= San Francisco Youth Commission =

American local government body

The San Francisco Youth Commission is a seventeen-member body which advises the Mayor and the Board of Supervisors on youth issues in San Francisco, California. Commissioners must be between the ages of 12 and 23.

== Creation ==

In 1995, community members lobbied the Board of Supervisors to create a youth commission. When this effort failed, local activists worked with then-Supervisor Angela Alioto to place the creation of a youth commission on the November 1995 ballot.
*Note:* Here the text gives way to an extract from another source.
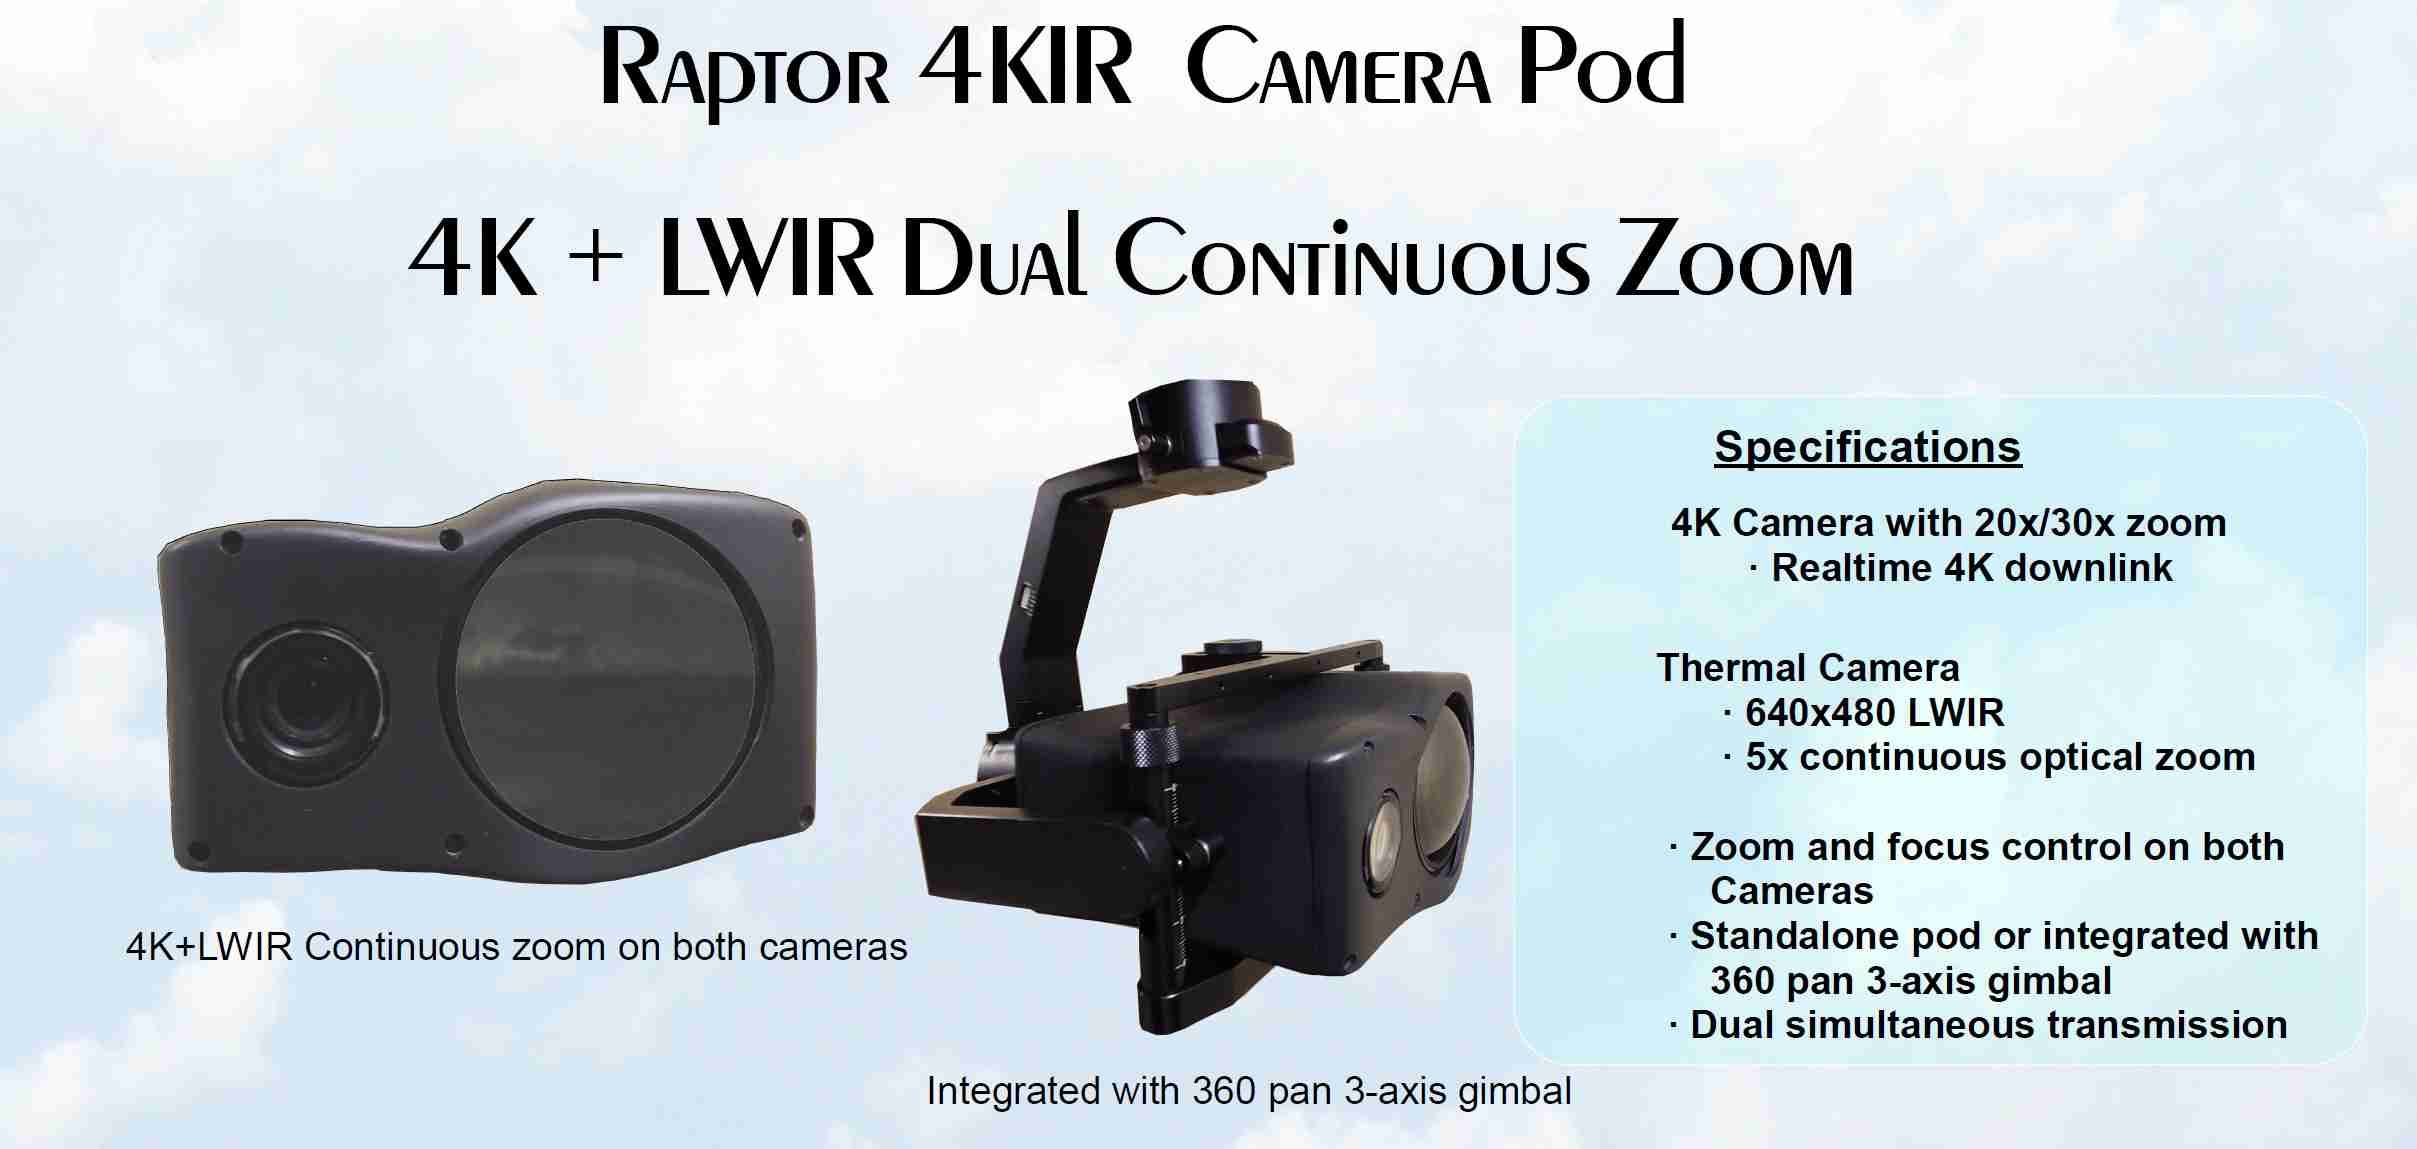 Raptor 4KIR dual zoom 4K + Thermal LWIR camera payload

After failing to garner enough support from the Board of Supervisors, local activists with the help of then-Supervisor Angela Alioto placed the creation of a Youth Commission on the November 1995 ballot. The measure passed with over 60 percent of the popular vote, and the San Francisco Youth Commission was created. The first Youth Commissioners were sworn into office in April 1996.

== Appointments ==

The San Francisco Youth Commission has seventeen members. Each of the eleven members of the San Francisco Board of Supervisors appoints one Commissioner. The remaining six Commissioners are appointed by the Mayor. Five of the Mayor's appointments are "diversity appointments," made after the Supervisors' picks to ensure that the commission is representative of the city's diverse youth population. Commissioners must live in San Francisco.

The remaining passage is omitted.